El país de los espejos
El país de los
espejos
Cuento de ciencia
ficción inspirado en una idea de mi hijo Luis.
Muchos de ustedes no conocerán Estrobia. Es un país tan
pequeño, que casi no debería aparecer en el mapa. Y dadas las características
de su presidente, las grandes potencias han hecho todo lo posible para ocultar
su existencia a la humanidad. Lo que por otra parte, es del agrado de los
estrobianos.
Fermín Sponsky, el viejo Doctor Fermín, como a su pueblo le
gusta llamarle, es su presidente vitalicio. Presidente desde 1945. Fermín sabe
que sus días se acaban y que, si Dios no lo remedia, poco después de su muerte
su pueblo será engullido por algún estado fronterizo.

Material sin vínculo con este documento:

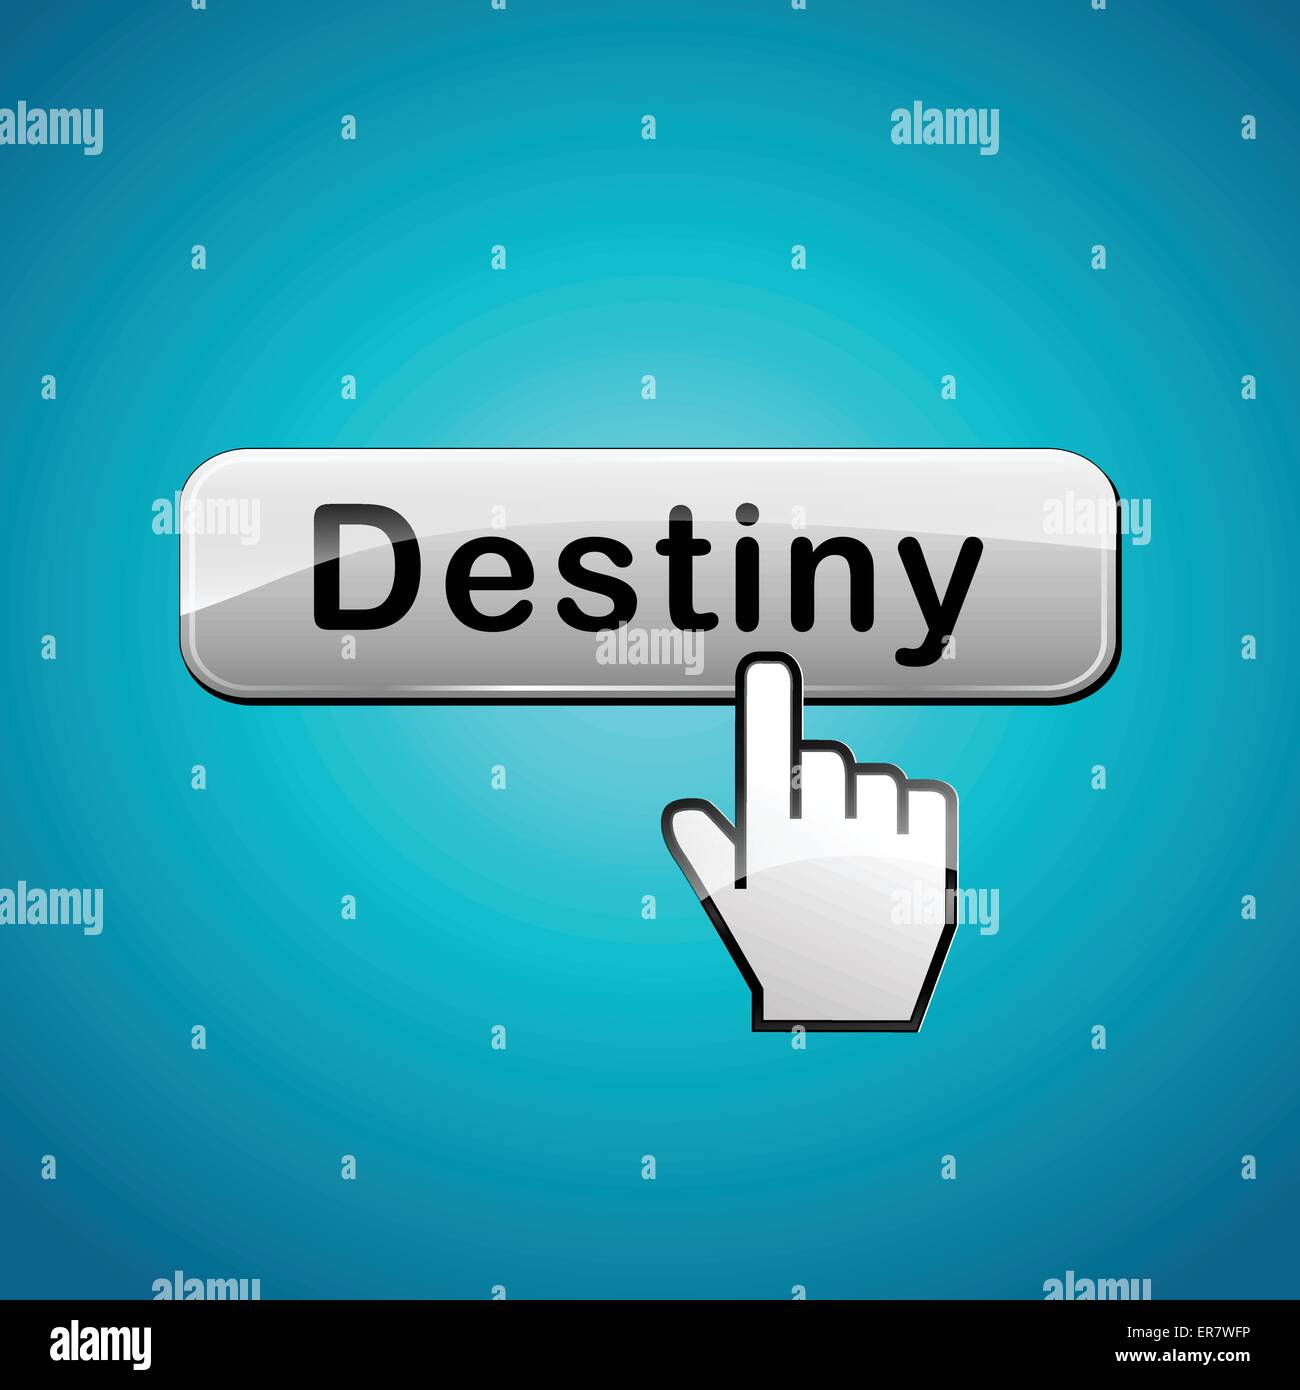 Vector illustration of destiny web button concept Stock Vector

Pero conviene que hagamos un poco de historia. De la
historia buena, la que no viene en los manuales, la que no registran los
libros: la que ocurrió de verdad y molesta a los poderosos. Lo que provoca que
usted desconozca el pueblo de Estrobia, que la gente de la calle ignore su
existencia, pero que sin embargo preocupe a toda la clase dirigente.
Viajemos al pasado. A la segunda guerra mundial. Y
encontrémonos allí con un joven Fermín. Durante el conflicto, dado lo escarpado
del terreno, el pequeño Condado de Estrobia se había mantenido al margen.
Estrobia no tenía materias primas de interés, no ocupaba un enclave
estratégico, su economía era eminentemente agrícola... nada, absolutamente nada
le interesaba ni al eje ni a los aliados. Se cortaron, si, las importaciones y
las exportaciones, si a tanto queremos elevar las entradas y salidas de mercancías
y productos del campo que los carros de bueyes hacían llegar, tras un trabajoso
viaje a través de las montañas.
Estrobia era un condado, si, pero sin conde. El último Conde
de Estrobia había muerto sin descendencia en 1925, en un accidente de
automóvil. El Hispano Suiza que Alfonso XIII le regaló se estampó en Niza.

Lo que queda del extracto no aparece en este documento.